A subcontractor default on a construction project is one of the greatest risks faced by the general contractor in constructing a project. Generally, contractors protect themselves from that risk by purchasing bonds, and now, also subcontractor default insurance. An example best contrasts the differences between bonding and insurance.
1. Contrast Between Bonding and Default Insurance.
Assume on a high end condominium project the drywall contractor uses non-compliant drywall screws to fasten the GWB to the studs. This error is not discovered by the general contractor until the project is virtually complete.
When confronted with the oversight, the subcontractor refuses to redo the faulty work and walks off the job. Now, the general contractor is on the hook, not only for replacing all the wall coverings, granite, tile, paint and other finishes, but also for the indirect costs associated with the overall project delay.

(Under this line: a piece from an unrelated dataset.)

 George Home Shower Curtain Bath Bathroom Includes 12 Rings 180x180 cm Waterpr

If the general contractor had bonded the subcontractor, the loss is capped at the penal sum of the bond (the bond amount limits the recovery), and generally no liquidated damages associated with project delay will be reimbursed by the bond. Generally, the project will be delayed further while disputes between the general contractor and the bonding company are being settled. If on the other hand, the general contractor had purchased subcontractor default insurance, the insurance companies are generally able to promptly mitigate the damages, complete the project quickly, without the limitation of a penal sum, and with coverage for indirect damages (liquidated damages).
2. Default Insurance.
There are three commercial products on the market for subcontractor default insurance, Zurich’s “Subguard®,” XL Insurance’s “ConstructAssure®,” and a product from Construction Risk Underwriters (CRU). Subcontractor default insurance, an alternative to surety bonds, protects the general contractor from losses arising from defaults by unbonded subcontractors. The general contractor enrolls all prequalified subcontractors for a specific project or policy term and is indemnified (held harmless) by the insurance company for any direct or indirect costs incurred if one of those subcontractors defaults on performance.

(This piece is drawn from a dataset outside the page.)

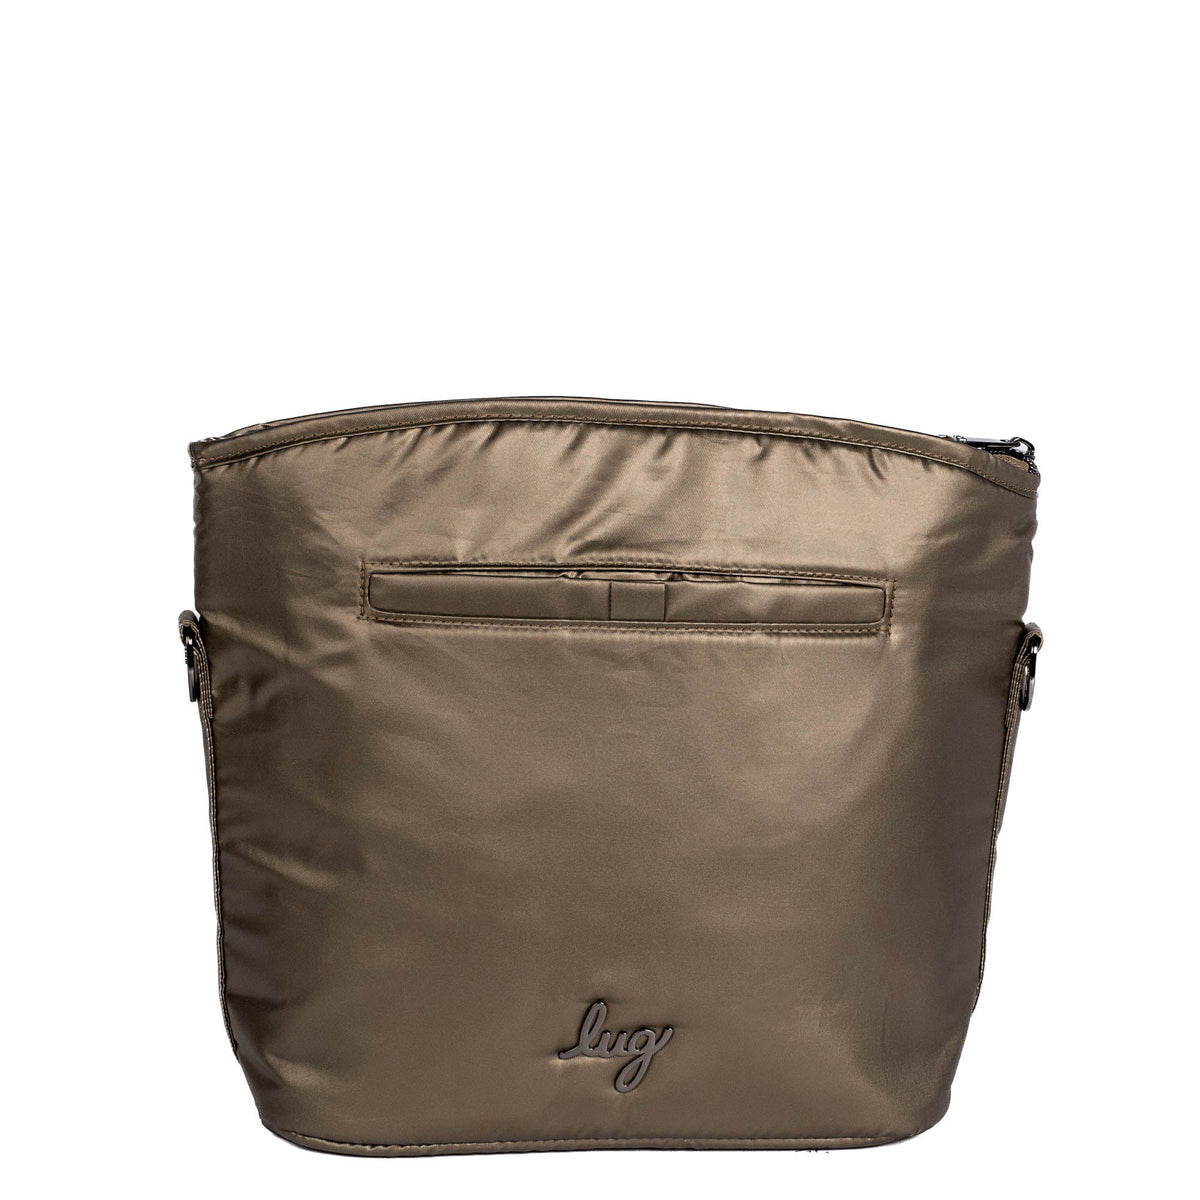 Adagio Shoulder Bag

Subcontractor default insurance operates under a high deductible, high co-pay model offered at a significant discount to bonds. It protects the general contractor against losses well above the penal sum of the bond and also rewards those general contractors with the best risk management procedures.

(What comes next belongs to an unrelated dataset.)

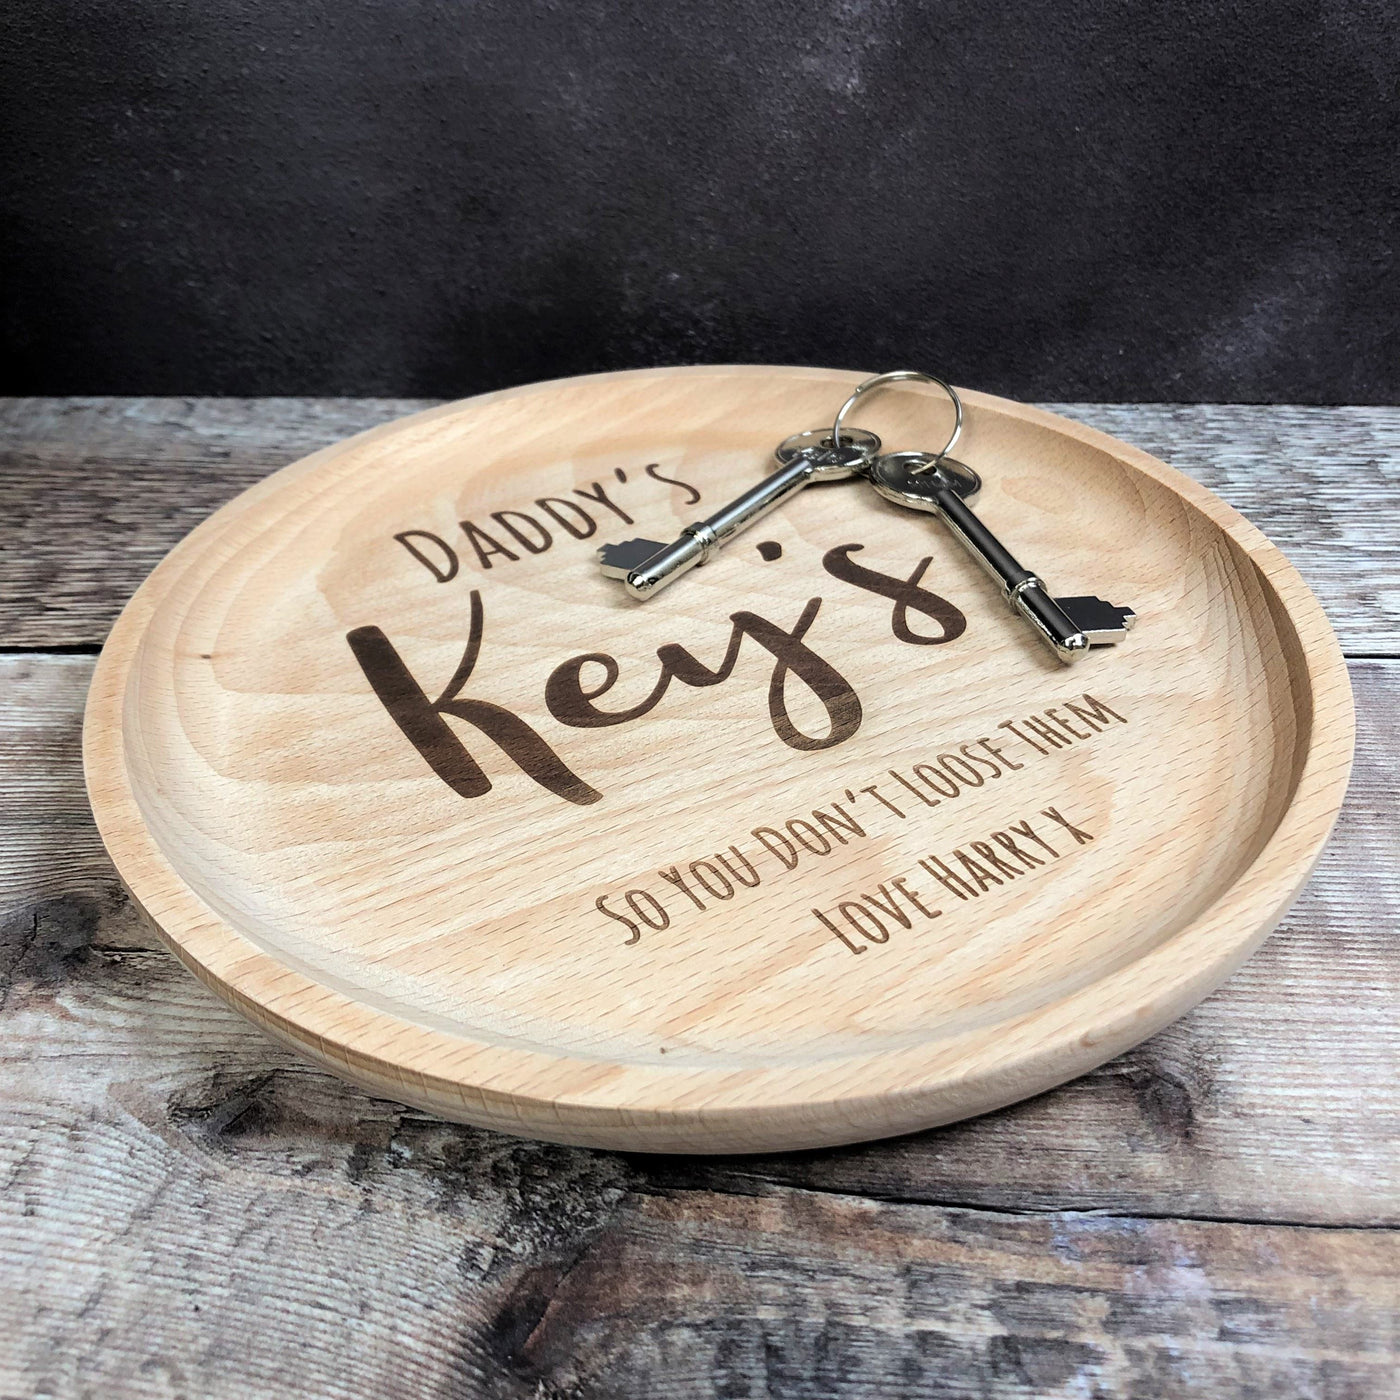 Personalised Beech Wooden Key Tray - Dad's Keys

The premium for subcontractor default insurance includes an option to collect the potential deductible and co-pay responsibilities in a loss fund. If the general contractor does not incur any losses, and therefore does not withdraw against the loss fund, that money is profit to the general contractor. Under a bond, the premium money is paid to the bonding company never to be seen again, even if the general contractor manages the job and subcontractors perfectly. Thus, subcontractor default insurance provides a significant financial incentive that compensates general contractors for the risk management work they are already doing day in and day out.
Reference: The Grayling Report, Vol. 2, Issue 1 (January 2012).